A total of 1000 simulations were run for each parameter set. Each of the 200 populations was utilized five times in each parameter set.
Statistical methods
Exposures analyzed were vaccination at any time during the analytic period, vaccination in the previous 2 months, vaccination in the previous 3 months, vaccination in the previous 4 months, vaccination in the previous 5 months, vaccination in the previous 6 months, the number of doses (unvaccinated as the reference group, 2-dose, 3-dose, 4-dose, or 5-dose), and the time since vaccination (unvaccinated as the reference group, 0–2 months, 3–4 months, 5–11 months, and 12 or more months).
Two logistic regression models were fit to each exposure definition. The first model included only the exposure variable (henceforth, the unadjusted model), whereas the second model added categorical time since the last infection (categories were monthly from 1 to 11 months and 12 or more months) and the number of prior infections as a continuous variable (the adjusted model). Odds ratios (OR) from logistic regressions were converted to VE in percentage points by the formula \(\:\text{VE}=\left(1-\text{OR}\right)*100\).

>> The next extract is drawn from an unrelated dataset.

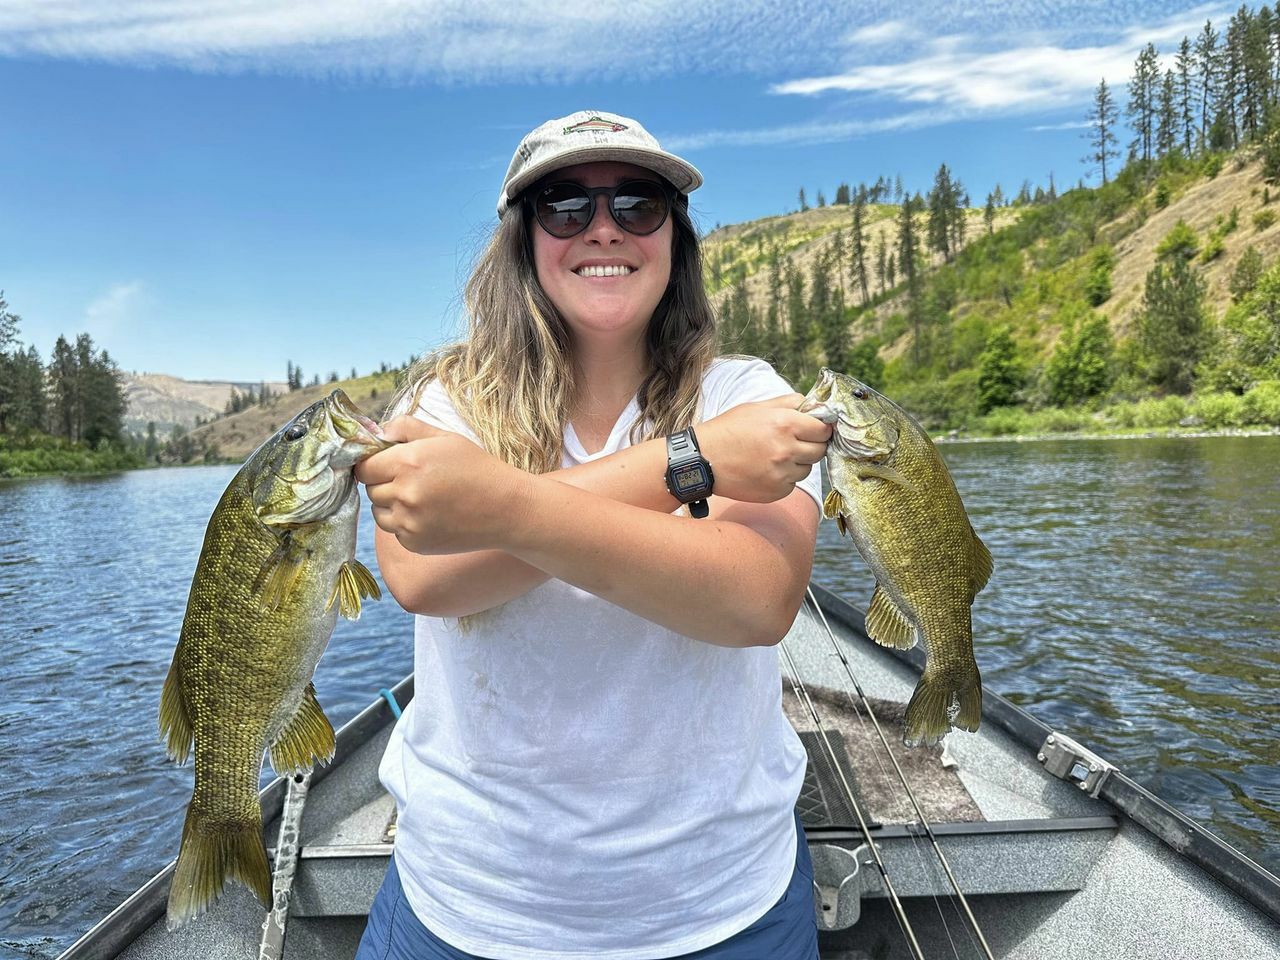 Smallmouth Bass fishing here on the Clearwater River in Idaho is always fun

Our primary measurement is the difference between the VE estimate from the unadjusted model and the VE estimate from the adjusted model, which we refer to as bias. Bias is defined not in the traditional sense as the deviation from truth, but as the percentage point difference in VE from the unadjusted model and VE from the adjusted model. Bias less than zero indicated VE was underestimated without accounting for prior infection. A small percentage of simulations resulted in small sample sizes and unstable estimates. Details on bias definition and handling of unstable estimates are in the supplementary methods.
Results were aggregated by parameter set and exposure and plotted by exposure with ridgeline plots (Figure S20). Simple, random effects meta regression was used to estimate the expected VE and bias and, for infection outcomes, the percentage of simulations with a negative VE estimate. Separate meta regressions were run for the unadjusted and adjusted VE estimates. Multivariable meta regression models were run with simulation parameters to determine the mean VE, bias, and negative VE associated with each parameter level and the 95% confidence intervals. The overall mean and 95% confidence interval from simple meta regressions are used in Figs. 2 and 3 and values from multivariable meta regressions in Figs. 4 and 5 including the overall mean as a dashed line and the 95% CI as a shaded background.
All simulations were performed in R version 4.0.4 and analyses in R version 4.2.4.